On his first day in office in 2025, President Trump issued an executive order to end birthright citizenship for countless children born in the United States to immigrant parents, in violation of the Fourteenth Amendment of the U.S. Constitution and Section 1401 of the Immigration and Nationality Act (INA). Groups of states immediately filed two lawsuits challenging the order, one in the Western District of Washington and one, joined by Connecticut, in the District of Massachusetts. Attorney General Tong was at the Supreme Court for oral arguments on the legality of a nationwide injunction issued in challenge on May 15, 2025. The Supreme Court ultimately struck down the nationwide injunction and remanded to the district court to determine the necessary scope of an injunction. The states, including Connecticut, subsequently secured nationwide injunctions in both the district court and appellate courts, successfully blocking the executive order from ever taking effect.

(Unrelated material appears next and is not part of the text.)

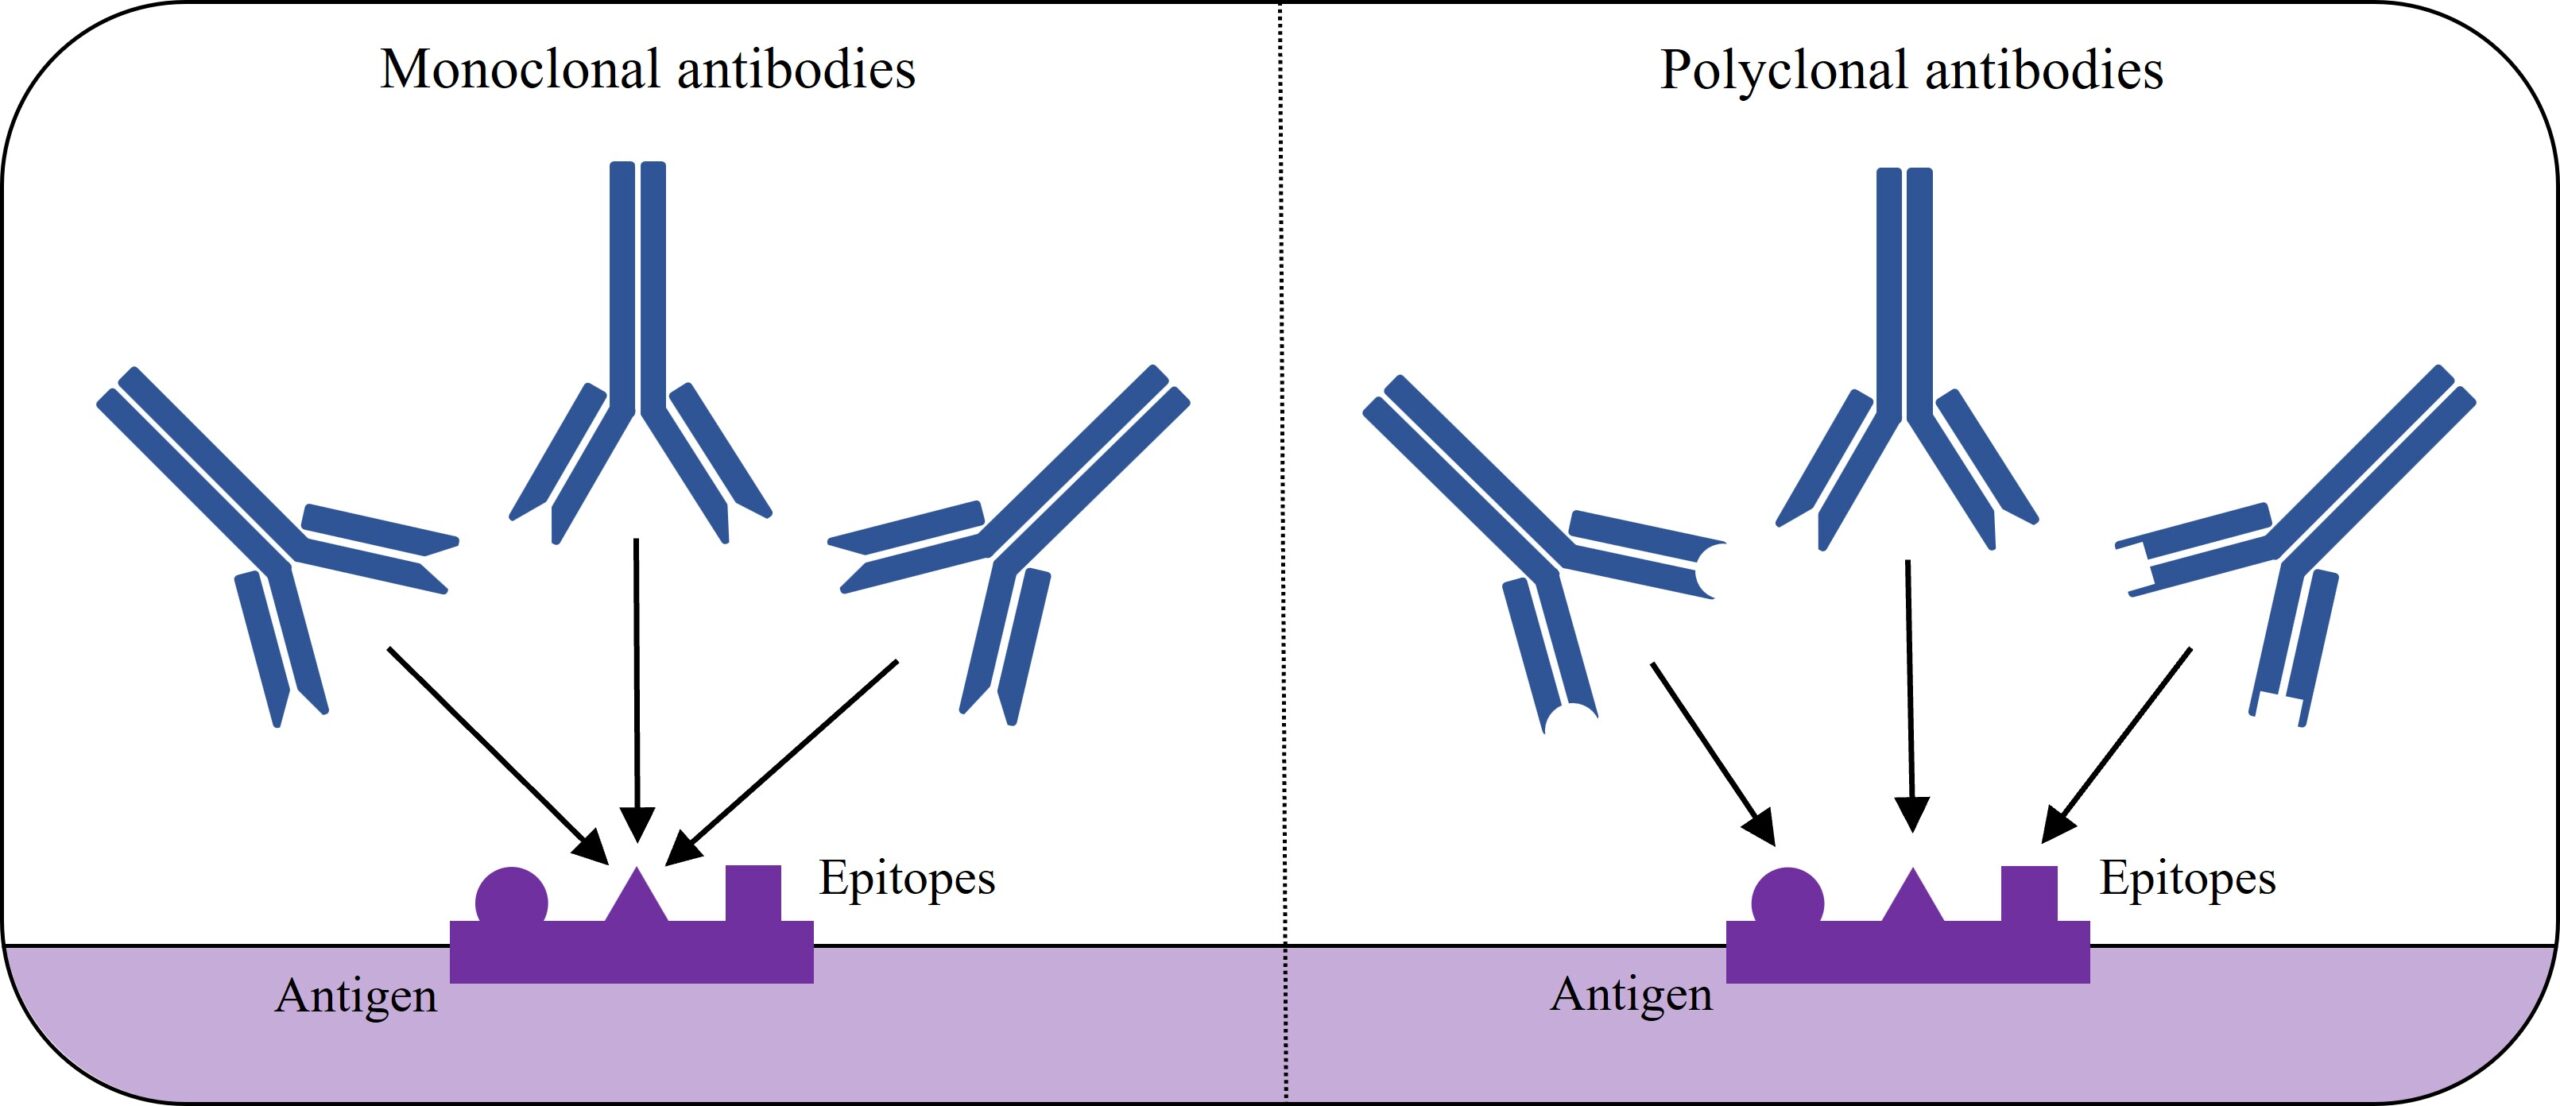 Clonality of antibodies

The Supreme Court decision today comes in a separate challenge, Barbara v. Trump, brought by a class of children who would have lost citizenship under the order. Attorney General Tong joined a coalition of 24 attorneys general filing an amicus brief in that challenge
For Attorney General Tong, this fight is personal. Born in Hartford, Connecticut in 1973, he became the first United States citizen in his immediate family by right of his birth on American soil. He was the first Asian American elected to state office in Connecticut history, and the first Chinese American to be elected Attorney General in the nation.